La frágil situación en la frontera de Ucrania que tiene en vilo al mundo sirve para algunos observadores de parangón de la situación local. Un diplomático argentino que dice conocer en profundidad lo que piensa Vladimir Putin le explicó hace algunos días a la cúpula de la Cancillería que “Rusia no quiere ir a una guerra, sino reposicionarse en el tablero internacional y reducir le influencia de Estados Unidos en Europa Oriental. Pero todo está tan al límite que por ahí basta que un ucraniano le robe un chancho a un ruso radicado en Ucrania para que explote todo”. Cualquier semejanza con la realidad local sería pura coincidencia.
Las disputas crecientes en el seno del Gobierno, el proceso de cuestionamiento y deslegitimación interno de la autoridad de Alberto Fernández y de Martín Guzmán (huérfano de todo afecto en el FDT), la aplicación práctica y las consecuencias de lo que se acuerde con el FMI constituyen un andamiaje frágil y demasiado complejo de administrar sin liderazgo ni sustento político y social.

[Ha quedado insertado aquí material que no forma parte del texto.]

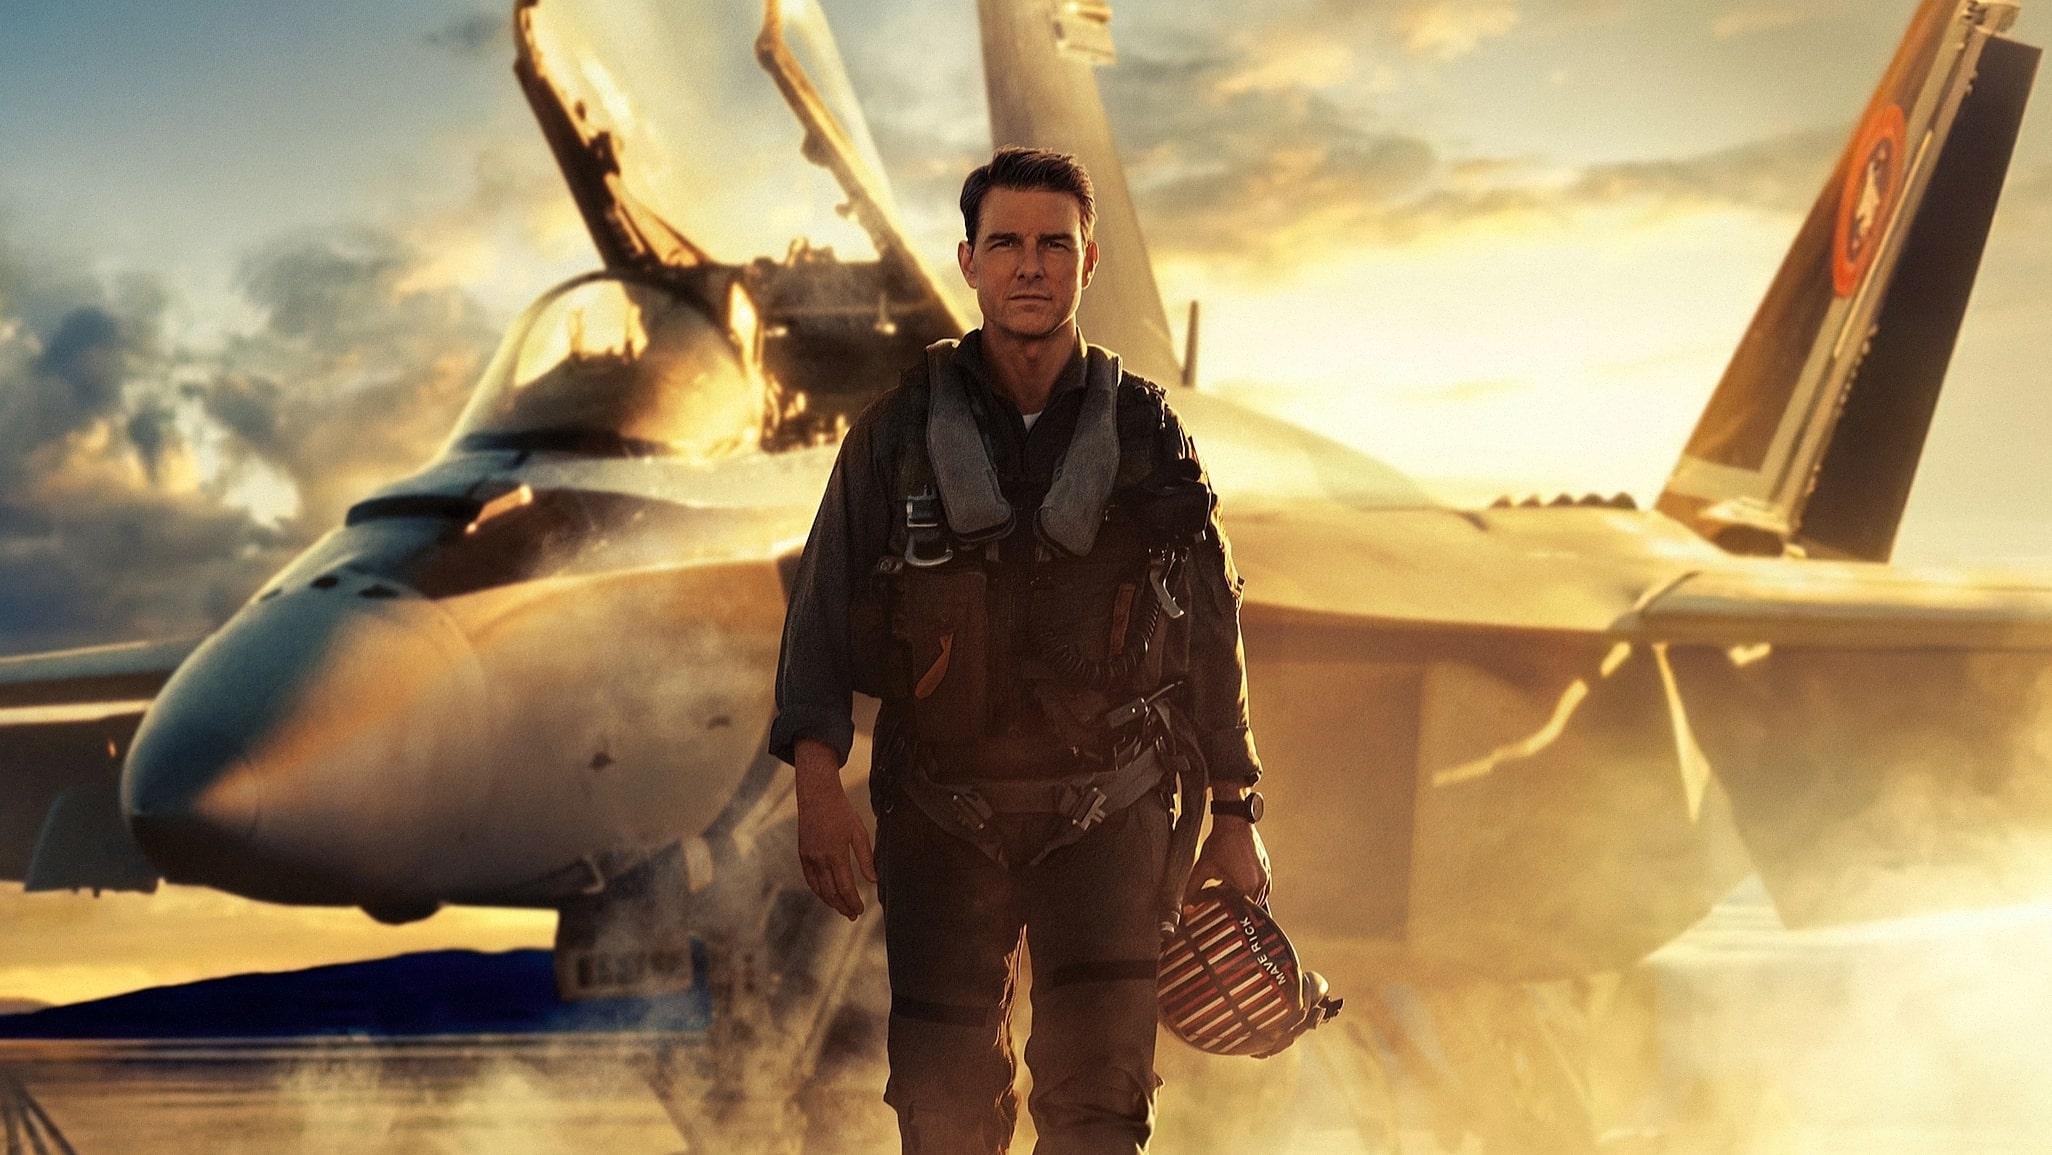 Tom Cruise standing in front of a plane in a still from Top Gun: Maverick
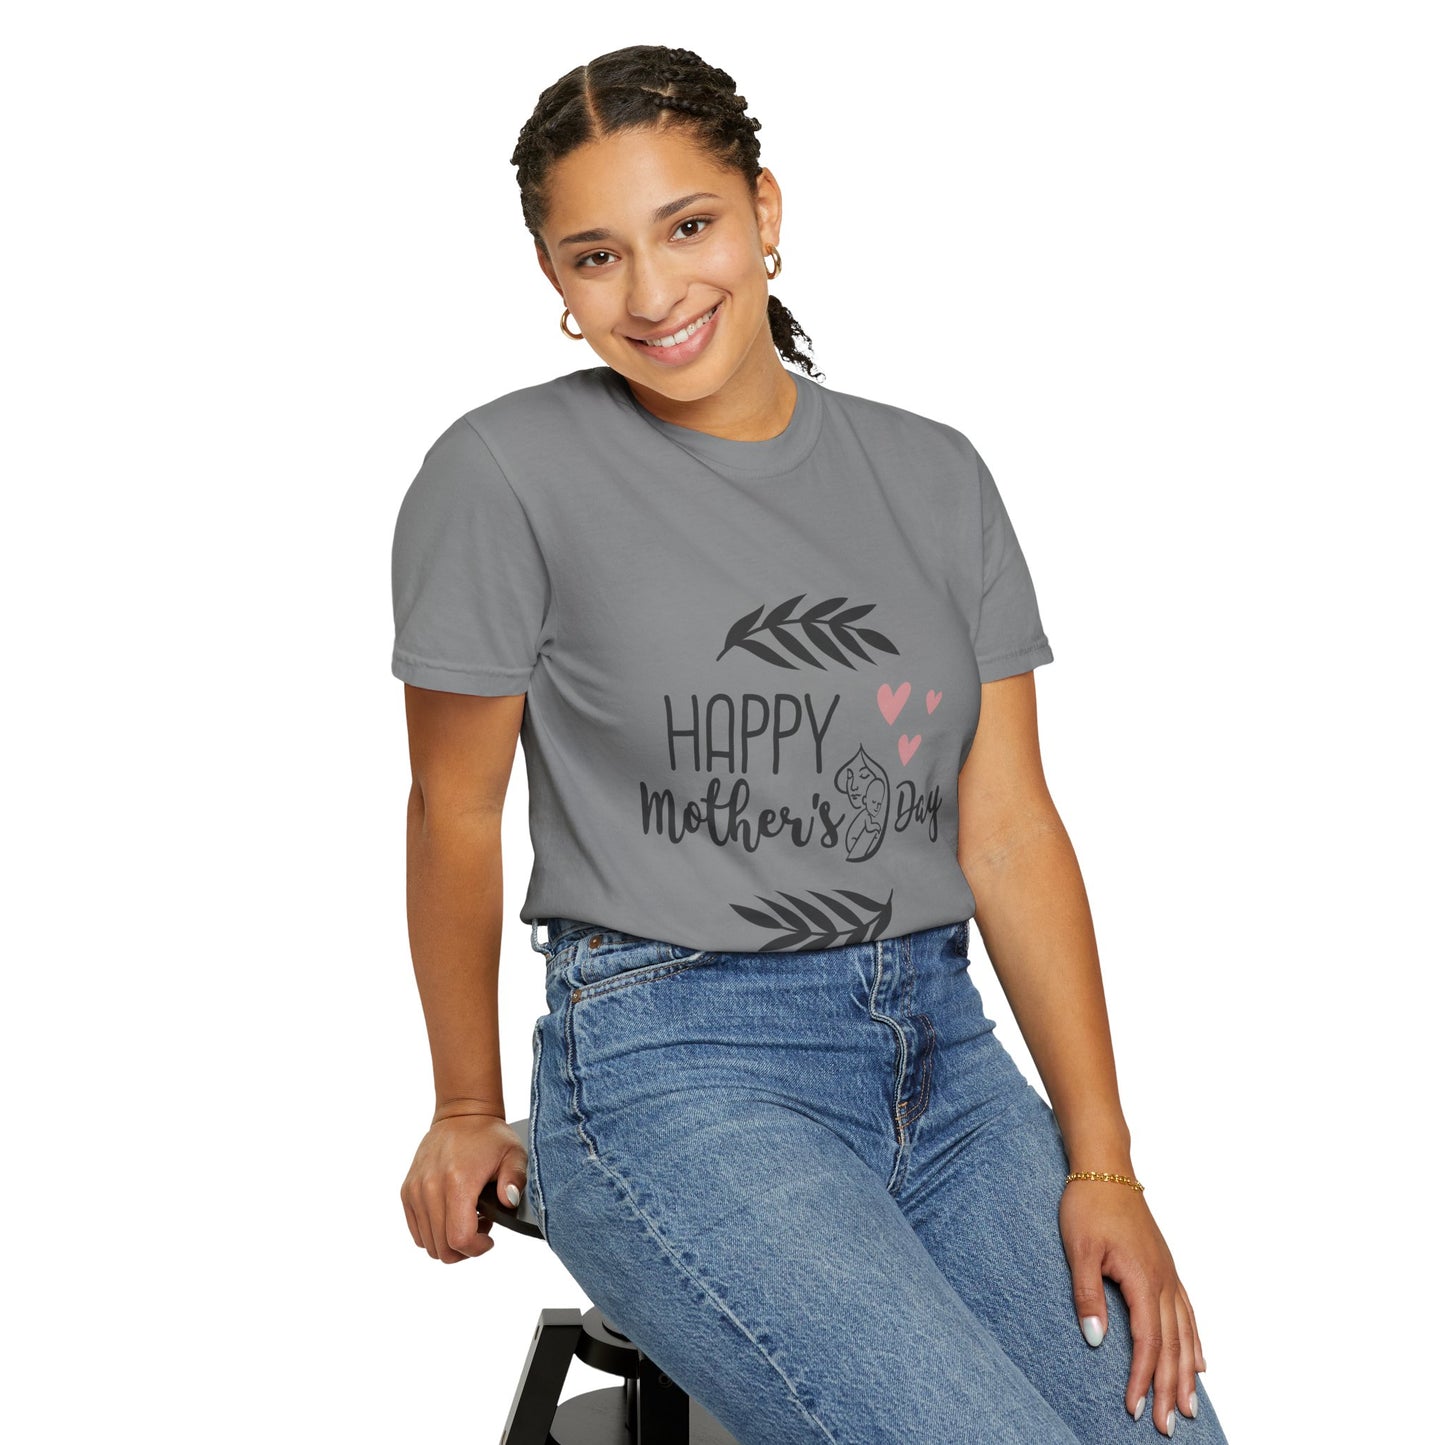 Happy Mother's Day - Unisex Garment-Dyed T-shirt

Las últimas apariciones en escena del Presidente mostraron un proceso de descomposición sostenido de la figura triunfante que intentó empezar a construir al momento de anunciar, hace solo tres semanas, el preacuerdo con el Fondo.
La última actuación de Fernández en el juicio contra Cristina Kirchner por corrupción lo dejó innecesariamente expuesto. Solo una sobrestimación de sus aptitudes y la necesidad de congraciarse con quien lo hizo presidente explican que haya querido dar testimonio oral y exponerse a preguntas incómodas cuando podría haberlo hecho por escrito. Una sobreactuación fallida en todas las líneas.
Otro tanto podría decirse de la difusión de ciertas imágenes y expresiones durante la gira por Rusia y China. Hasta para algunos de sus más fieles colaboradores resulta difícil de explicar la propensión a autoinfligirse daño de manera sistemática.
La reciente definición de un destacado funcionario de Estados Unidos a un dirigente local pone en inquietante perspectiva la figura y la palabra de Fernández: “Nosotros sabemos que el Presidente no cree en todo lo que le dijo a Putin, pero también sabemos que el Presidente no cree en todo lo que nos dice a nosotros”. Muchos argentinos piensan lo mismo.
Sobre ese telón de fondo se recortan el hastío, la resignación, el pesimismo y la creciente conflictividad social. Demasiado para seguir confiando todo a la voluntad de que nada se rompa.